Under Trump, U.S. Manufacturing Suffers Its Largest Contraction In A Decade
President Donald Trump lashed out at the Federal Reserve again on Tuesday, after the Institute for Supply Management reported a contraction in manufacturing this week.
According to CNBC, the ISM manufacturing reading fell to 47.8 for September — the weakest reading in ten years.
Trump blamed the Fed for the downturn, tweeting that Fed Chair Jerome Powell and the central bank “have allowed the Dollar to get so strong, especially relative to ALL other currencies, that our manufacturers are being negatively affected.”
The president also complained again that interest rates are “too high,” adding, “They are their own worst enemies, they don’t have a clue. Pathetic!”
But Timothy Fiore, chair of the ISM Manufacturing Business Survey Committee, said in a statement that “Global trade remains the most significant issue as demonstrated by the contraction in new export orders that began in July 2019.”

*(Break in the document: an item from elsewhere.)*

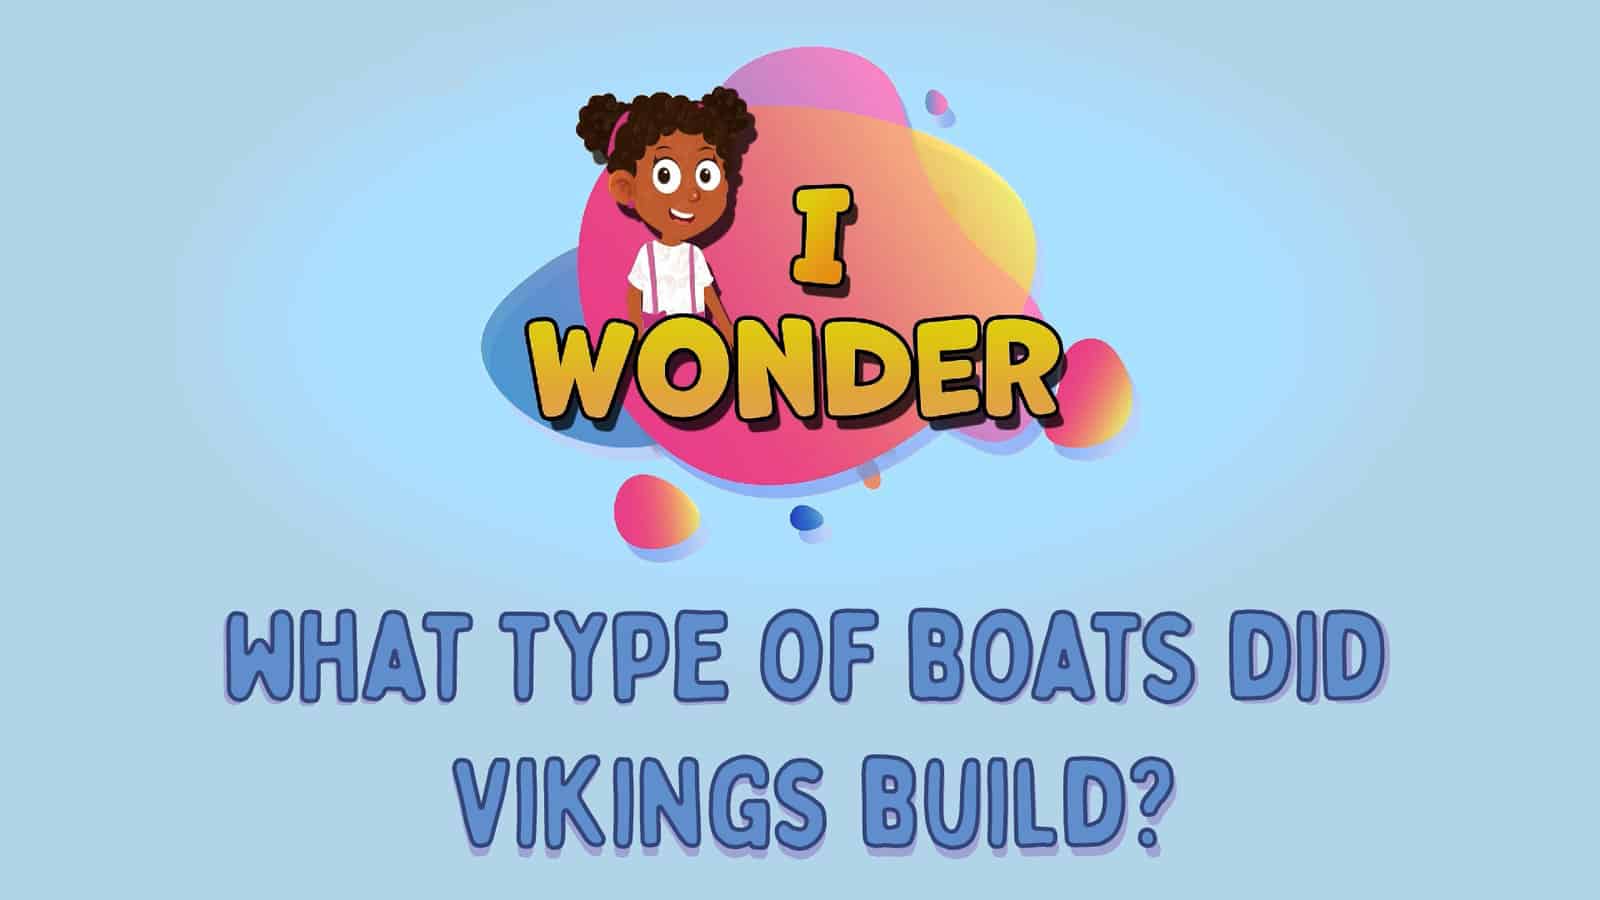 What Type Of Boats Did Vikings Build?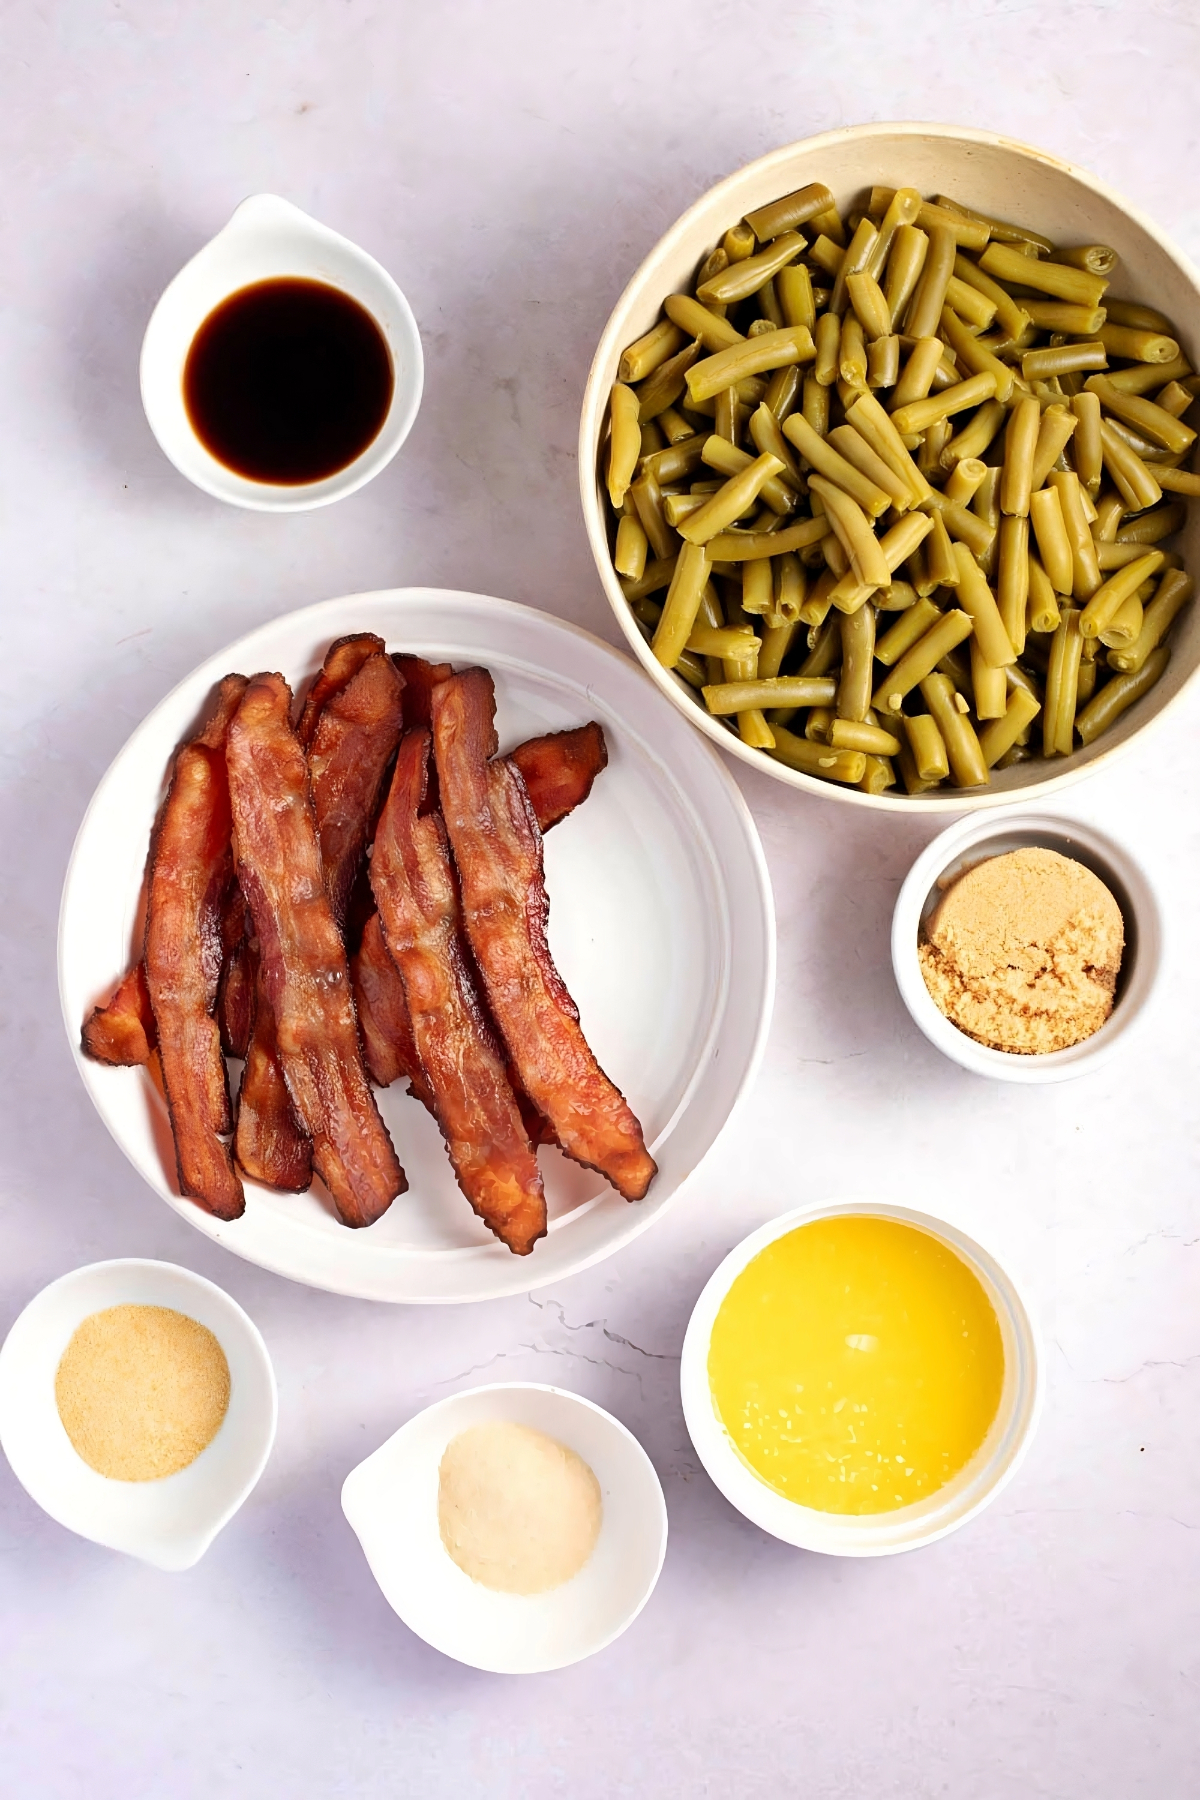 Crack Green Beans Ingredients - Green Beans, Bacon, Butter, Seasonings, Brown Sugar and Soy Sauce

“Overall, sentiment this month remains cautious regarding near-term growth,” he wrote.
Trump has preferred to focus blame on the Federal Reserve for months now, repeatedly claiming the “the central bank bears the blame for any slowdown rather than his own policies.”
CNBC noted, however, that the value of the U.S. dollar also plays a role: “The dollar index, which measures the U.S. currency against a basket of global currencies, has climbed more than 3% this year and sits near its highest level since mid-2017.”
A stronger dollar makes American-manufactured goods more expensive overseas.